* HOW TO COMPLETE THIS TASK *
After locating the line with "Concours de la 20ième Miss Cireine" below, output it and each following line exactly, stopping after the line with "Casa y animales". No pictures.

* GIVEN ENTRIES *
=======

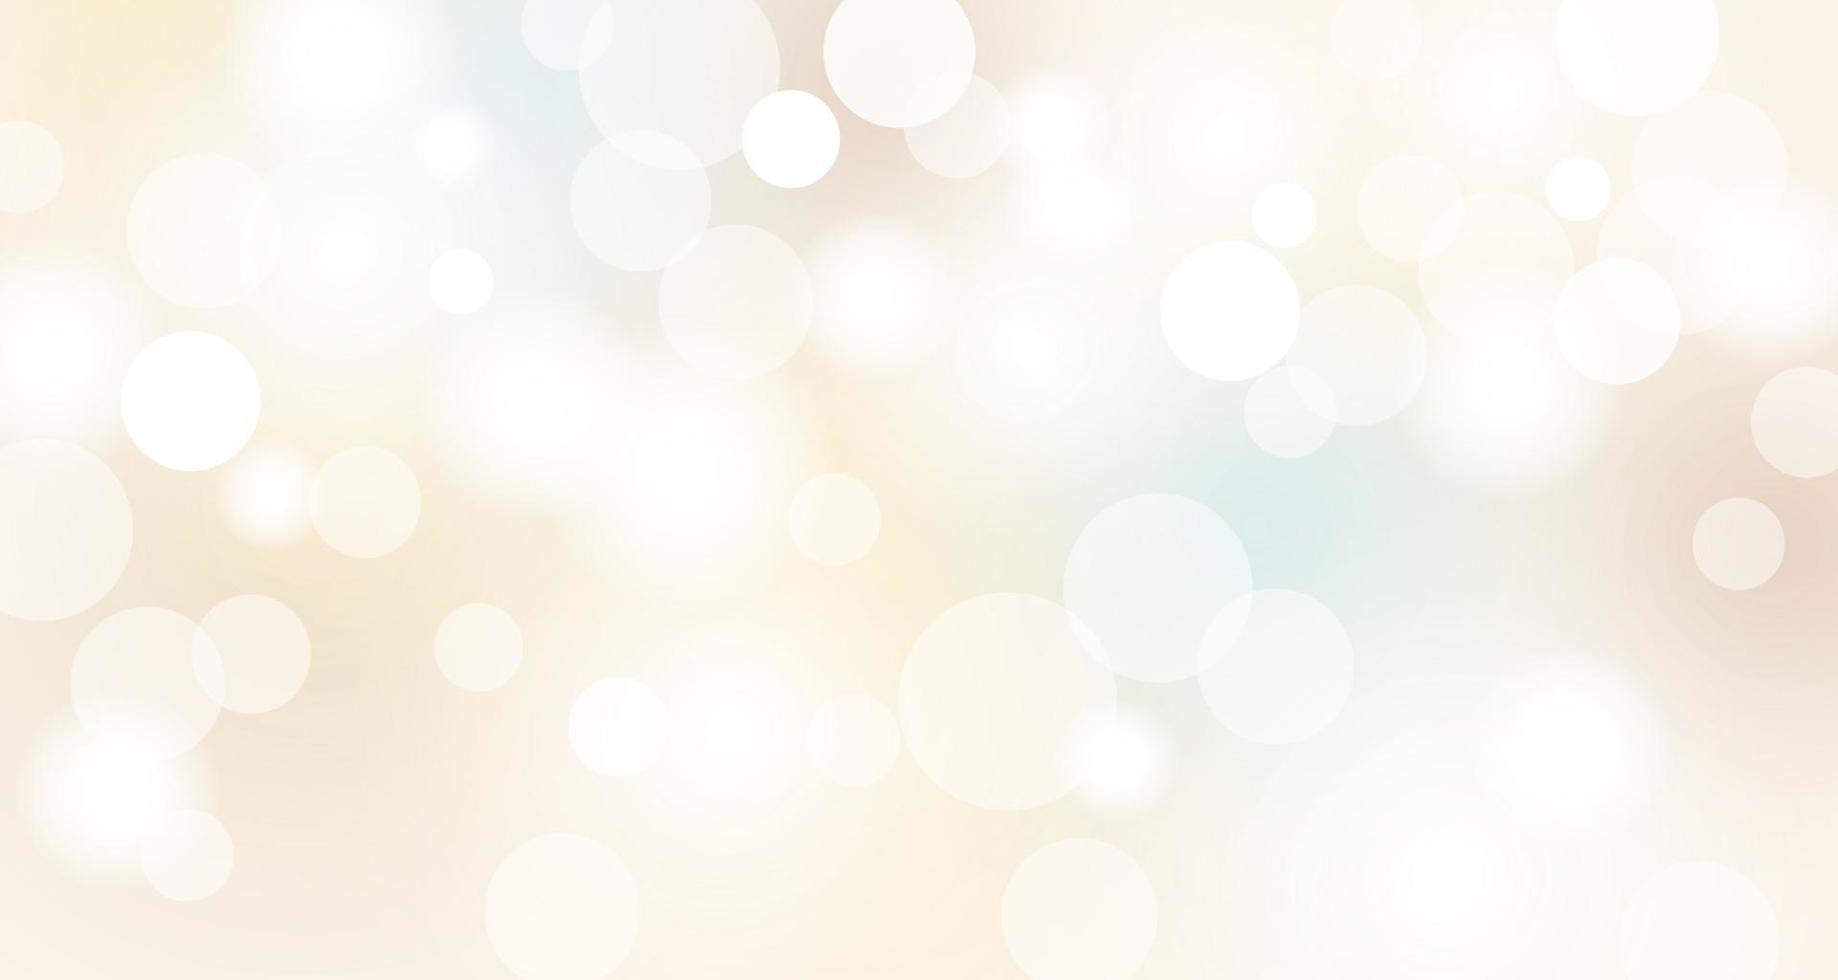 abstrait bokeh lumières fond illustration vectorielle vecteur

=======

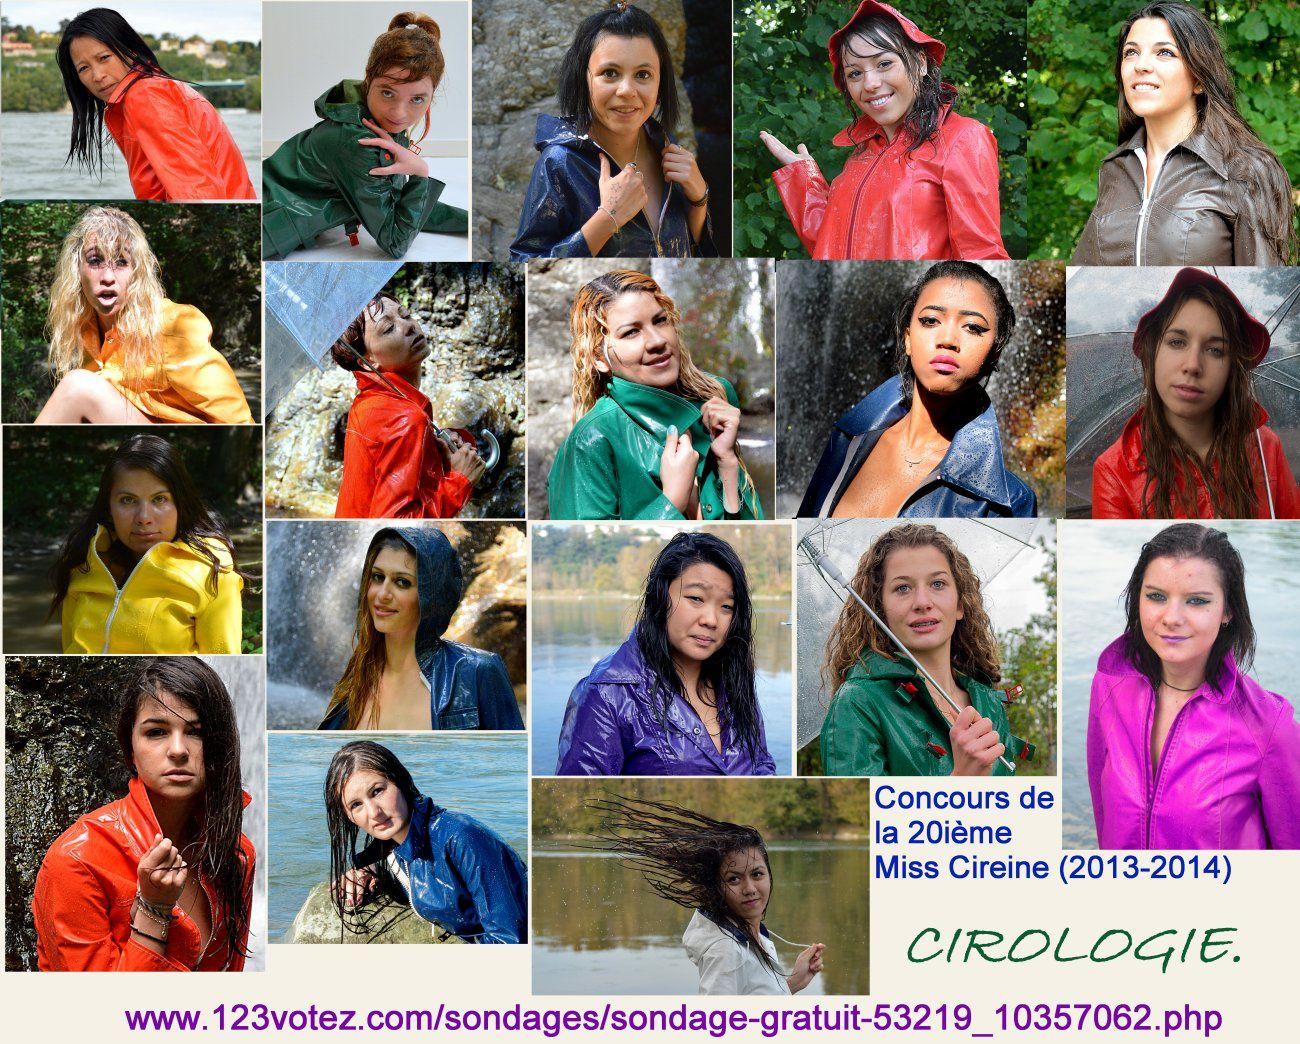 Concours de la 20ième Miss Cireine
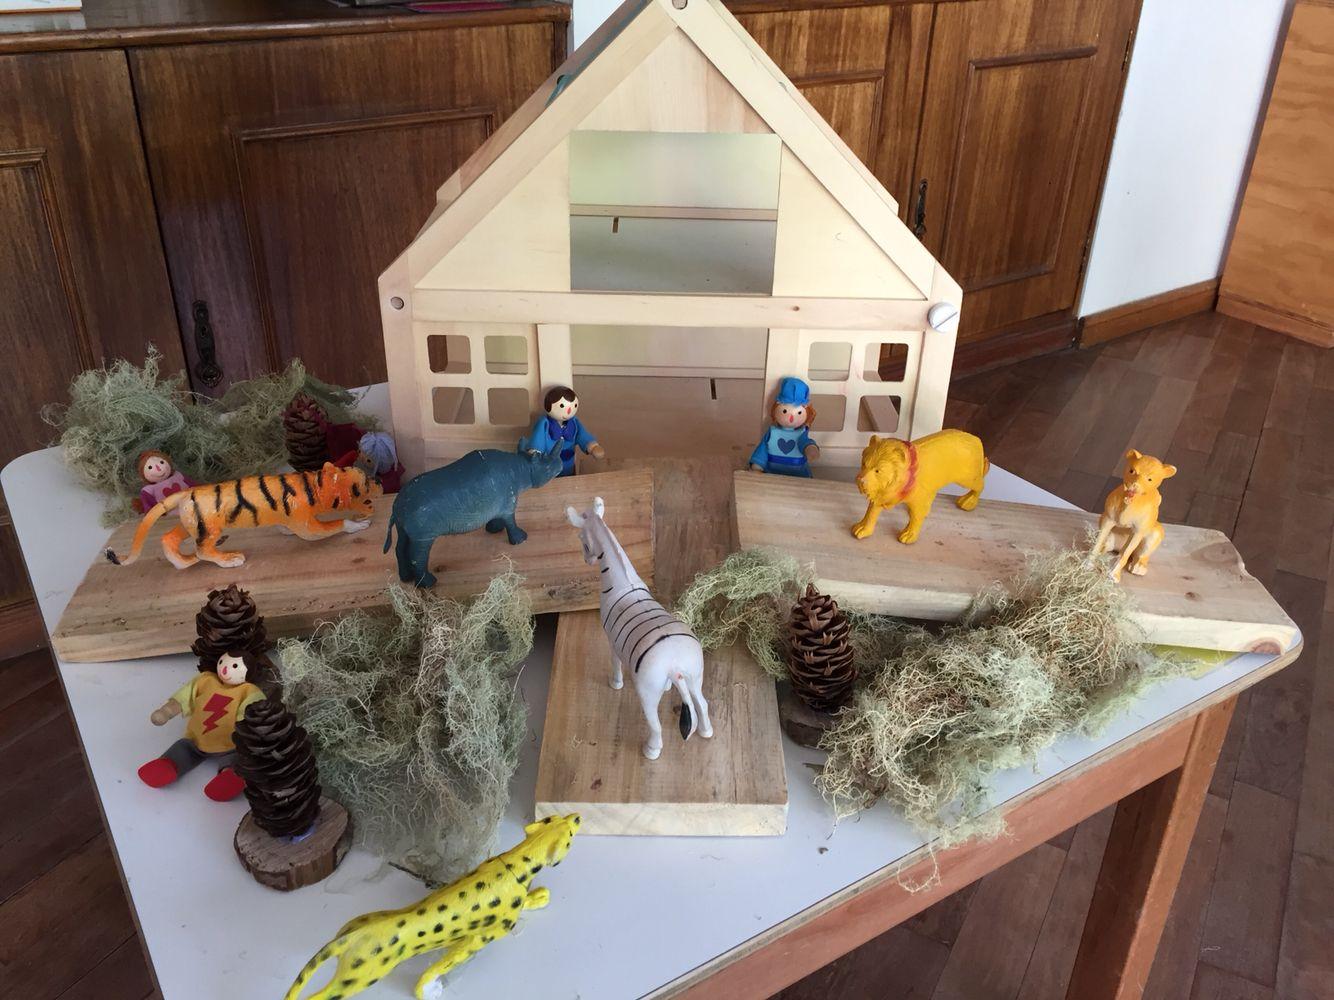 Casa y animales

=======

* RESPONSE TO THIS EXERCISE *
 Concours de la 20ième Miss Cireine
 Casa y animales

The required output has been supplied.